Com SQLAlchemyJobStore, a função precisa ser importável por caminho (`pacote.modulo:funcao`). Lambdas e closures locais não sobrevivem ao restart.

### Misturar BlockingScheduler dentro do Uvicorn

`BlockingScheduler.start()` trava a thread. Em apps web, use `BackgroundScheduler` / `AsyncIOScheduler` ou um processo separado.
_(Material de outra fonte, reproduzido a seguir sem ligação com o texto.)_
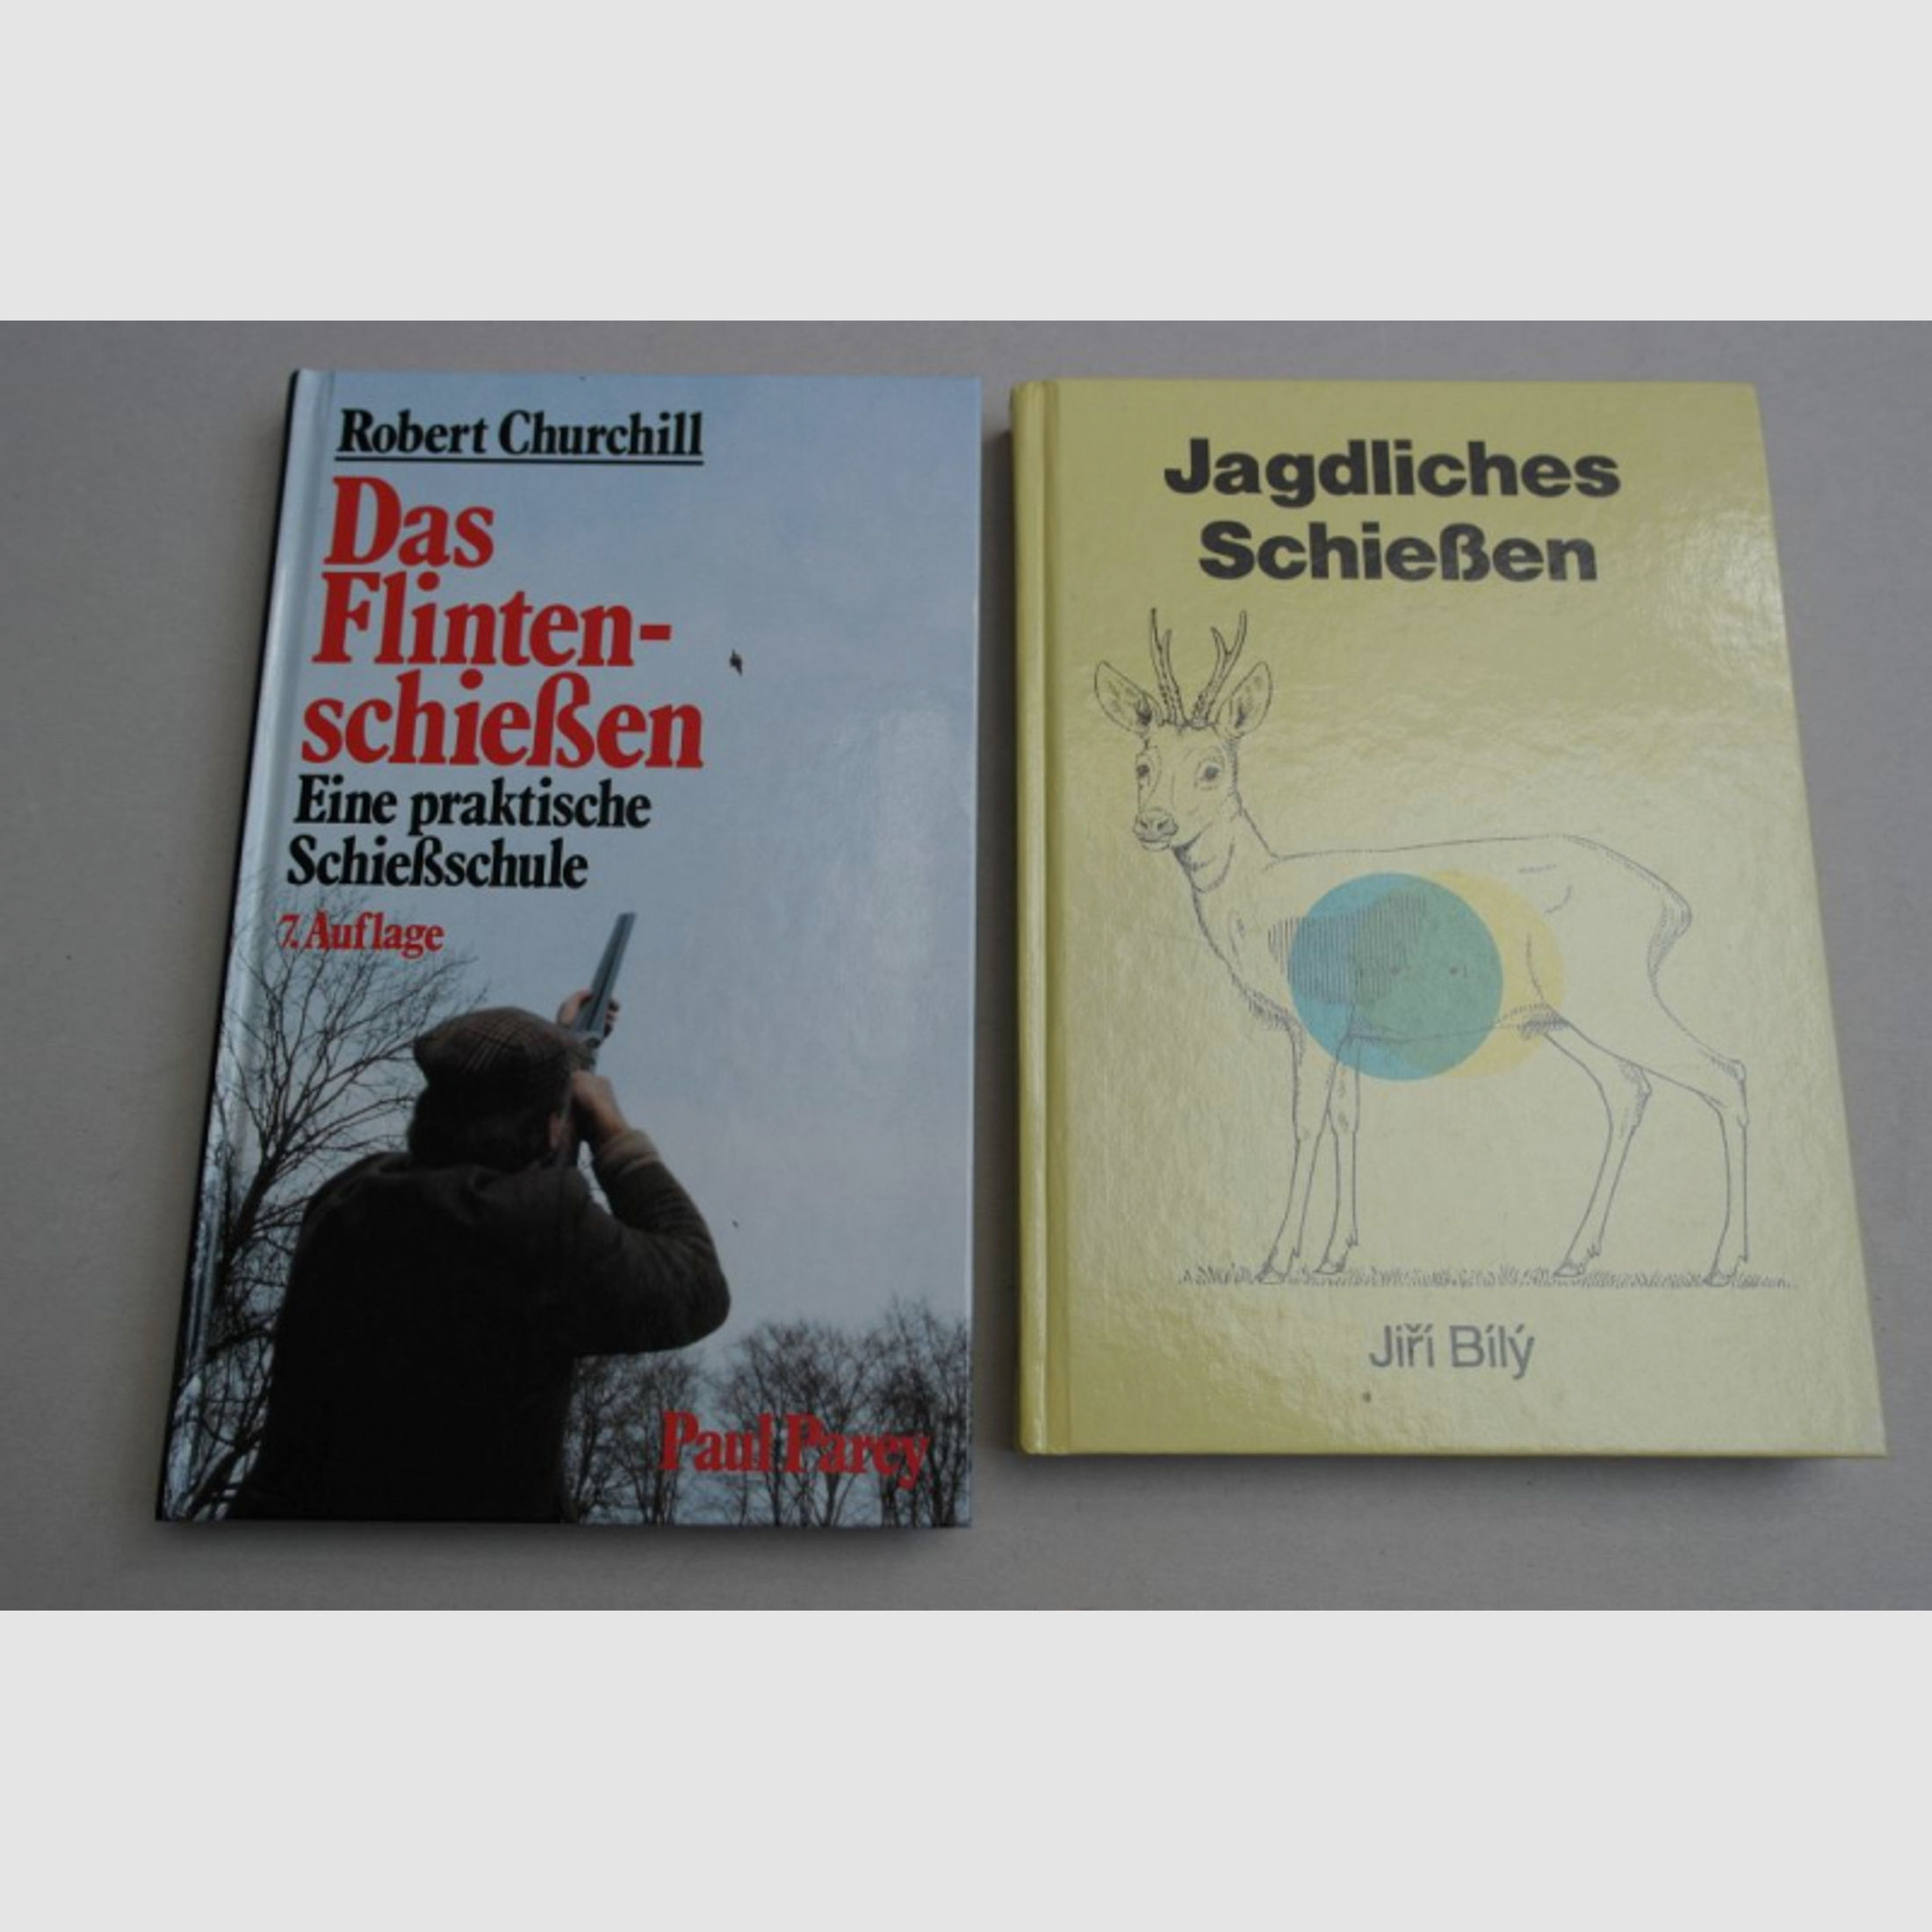 Bücher: "Das Flitenschießen" und "Jagdliches Schießen".

## Checklist antes de ir para produção

- [ ] O fuso `America/Sao_Paulo` (ou o da operação) está explícito?
- [ ] Cada job tem `id` estável e `replace_existing=True` no boot?
- [ ] Jobs de efeito colateral usam `max_instances=1` e, se fizer sentido, `coalesce=True`?
- [ ] Há job store persistente se o calendário precisa sobreviver a deploys?
- [ ] O scheduler roda em **um** processo dedicado, não em N workers da API?
- [ ] Falhas emitem log/métrica com `job_id` e não engolem a exceção?
- [ ] Segredos (DB, tokens Telegram) vêm de ambiente, nunca do código?
- [ ] Existe plano claro de promoção para Celery/Airflow se a carga crescer?

## Conclusão

APScheduler preenche o espaço entre o `while True: sleep()` amador e uma plataforma pesada de orquestração. Com triggers `interval` e `cron`, store SQLAlchemy e um worker dedicado, você agenda alertas, conciliações PIX, limpezas e sincronizações no mesmo repositório da aplicação — com fuso brasileiro, persistência e logs.

Comece com um `BlockingScheduler` e uma job de intervalo, adicione cron e `max_instances`, persista se houver restart frequente e só escale para Celery ou Airflow quando a distribuição ou o grafo de dependências pedirem. Para quem monta automações e backends no mercado Python brasileiro, esse é o caminho mais curto entre “preciso rodar todo dia às 8” e um serviço confiável em produção.